2. How would the Right, and the Senate, react if the next Democratic President nominated persons who I would consider the Democratic/liberal equivalents of Roberts and Alito — say, folks such as Kathleen Sullivan and Pam Karlan (or Walter Dellinger and Marsha Berzon, if they were a decade younger)? I wouldn’t think there was anything *wrong* with Republican Senators voting against such candidates — and more to the point, I’d expect many would do so, and that the National Review and Wall Street Journal and Weekly Standard, etc., would strongly oppose them. Do you think otherwise? If so, perhaps I’m miscalculating the political pulse around here. (Wouldn’t be the first time.)

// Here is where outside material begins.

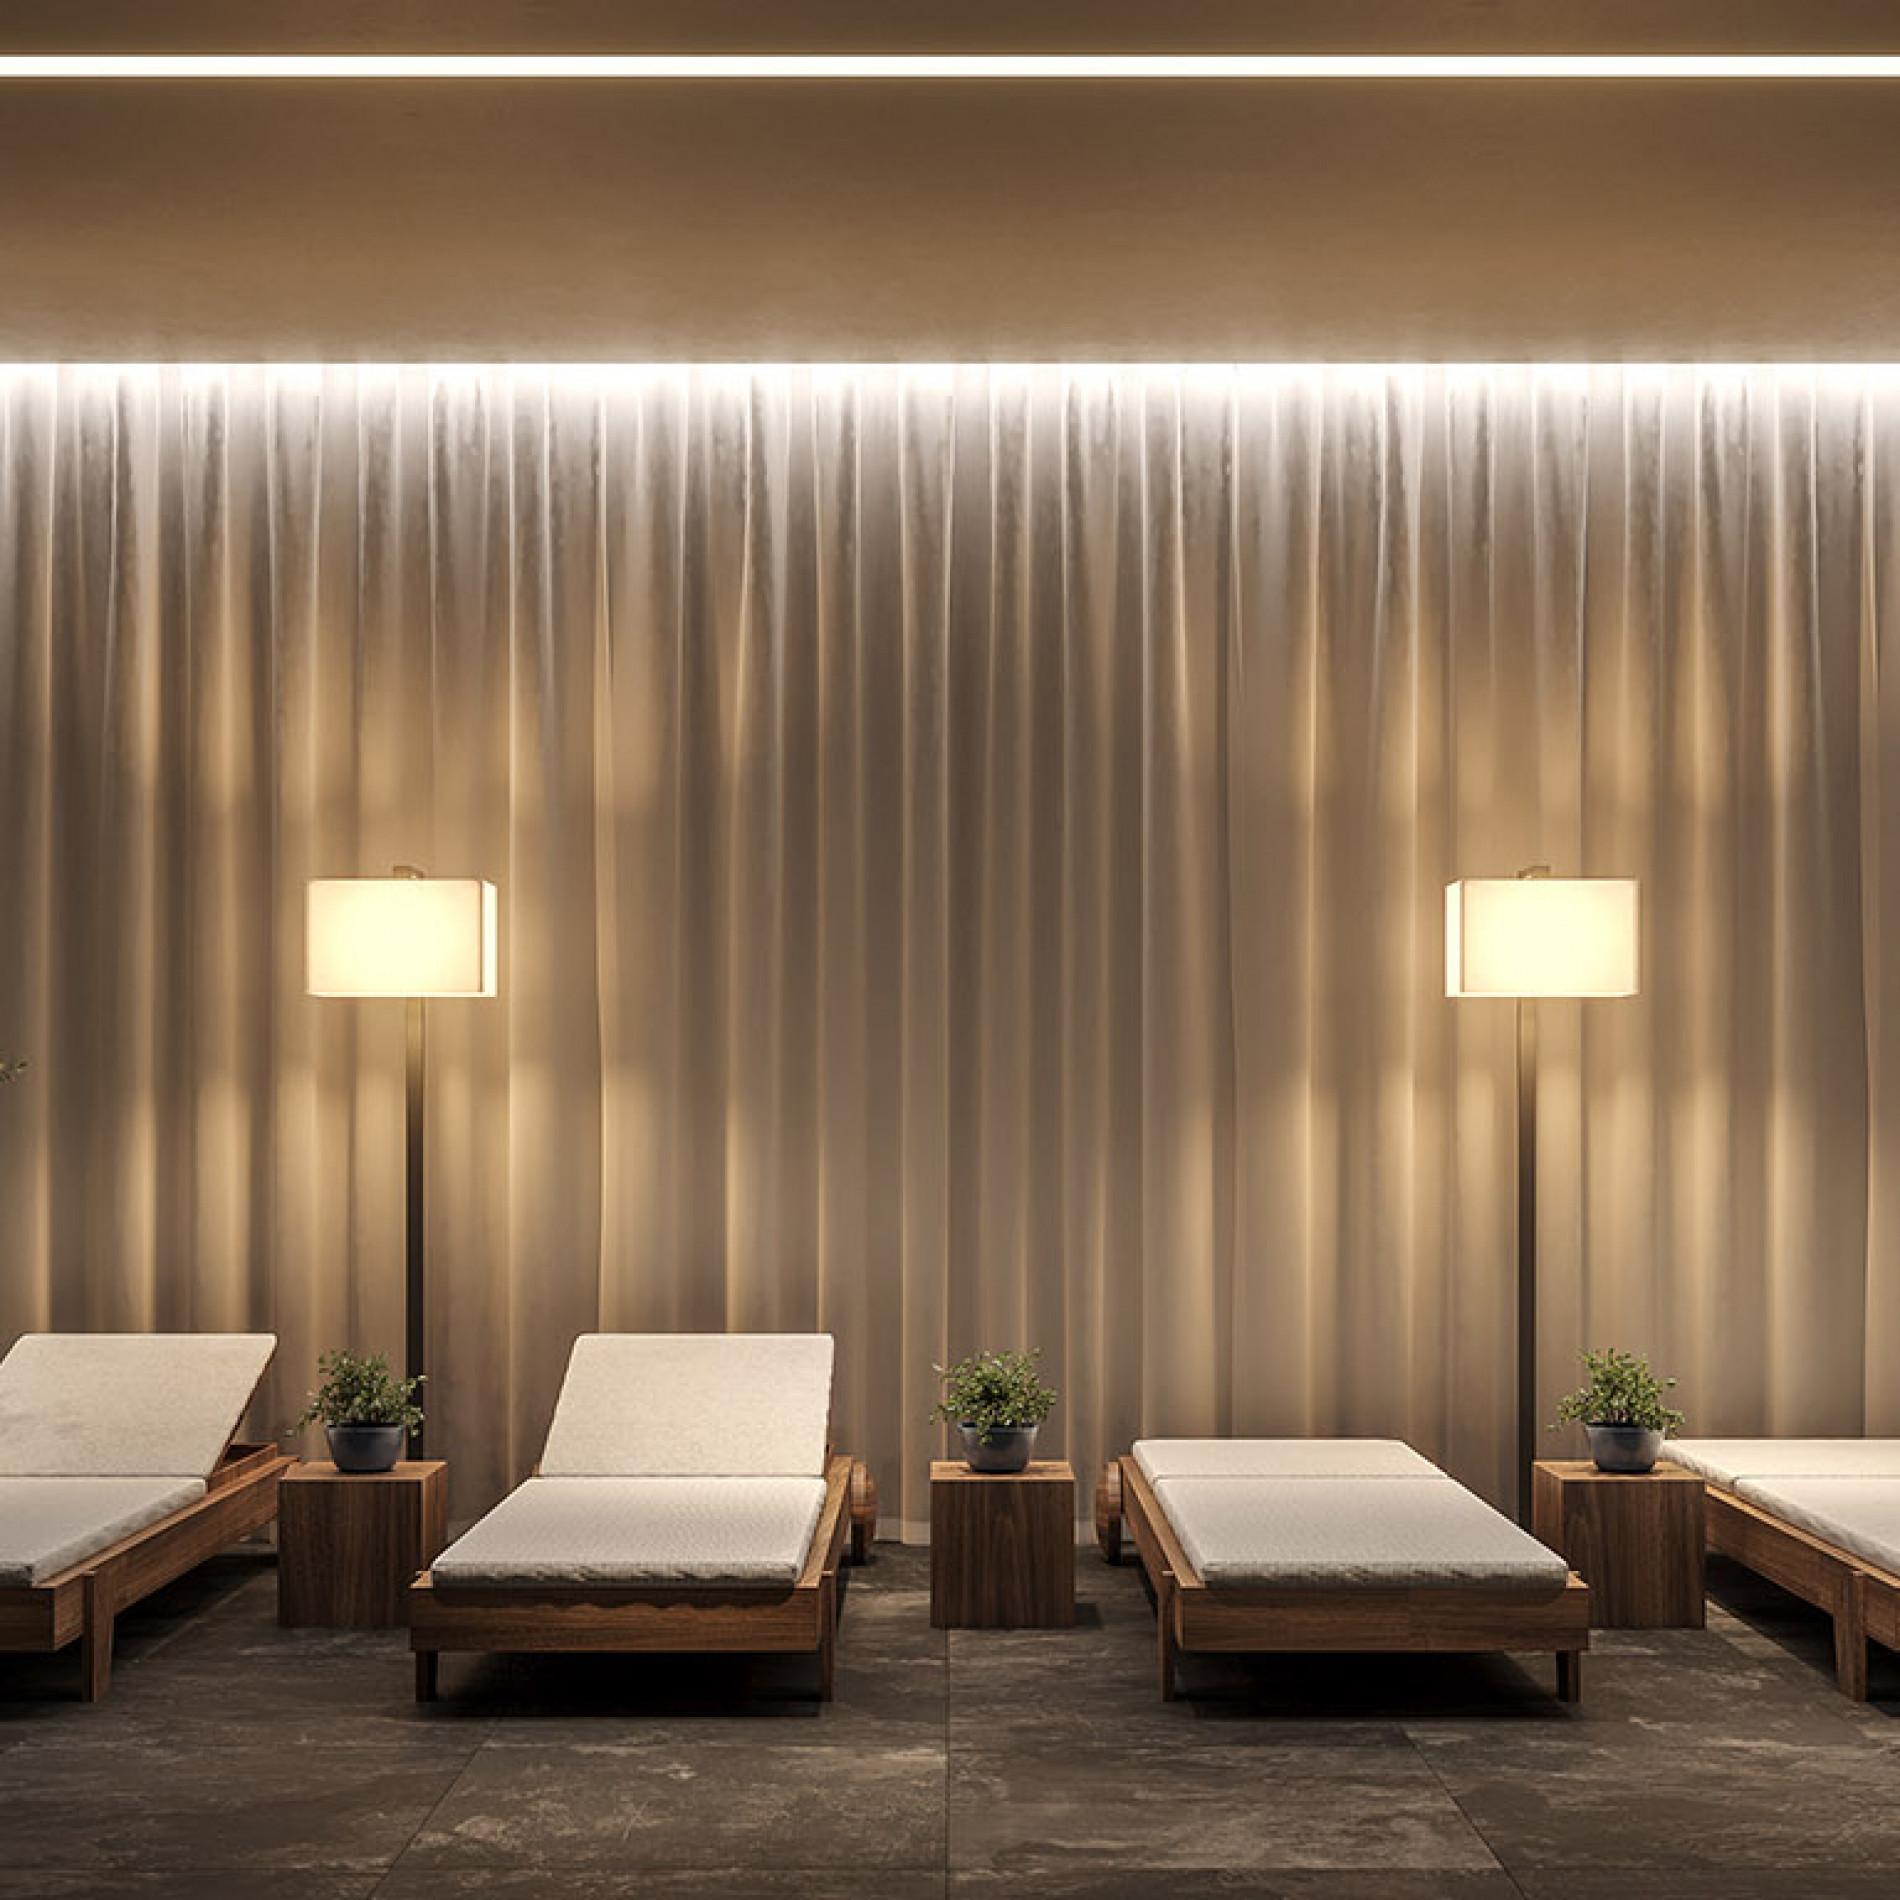 embla-13-saunas-descanso-high.jpg

3. In the “inherent” Executive power cases, the statutes the President is violating were enacted by votes of overwhelming majorities of the Congress, and signed by the President. Unlike the New Republic, I don’t think that their democratic pedigree is necessarily a *sufficient* reason to uphold the laws — I simply think the article II arguments are wrong, and that the Court should rebuff the President because his claims are a profound threat to the checks and balances that prevent autocracy. But *if,* like TNR, deference to democratic lawmaking is one’s touchstone, then the President should lose the cases. (Did *anyone* vote for George Bush because he promised to waterboard and to violate FISA?)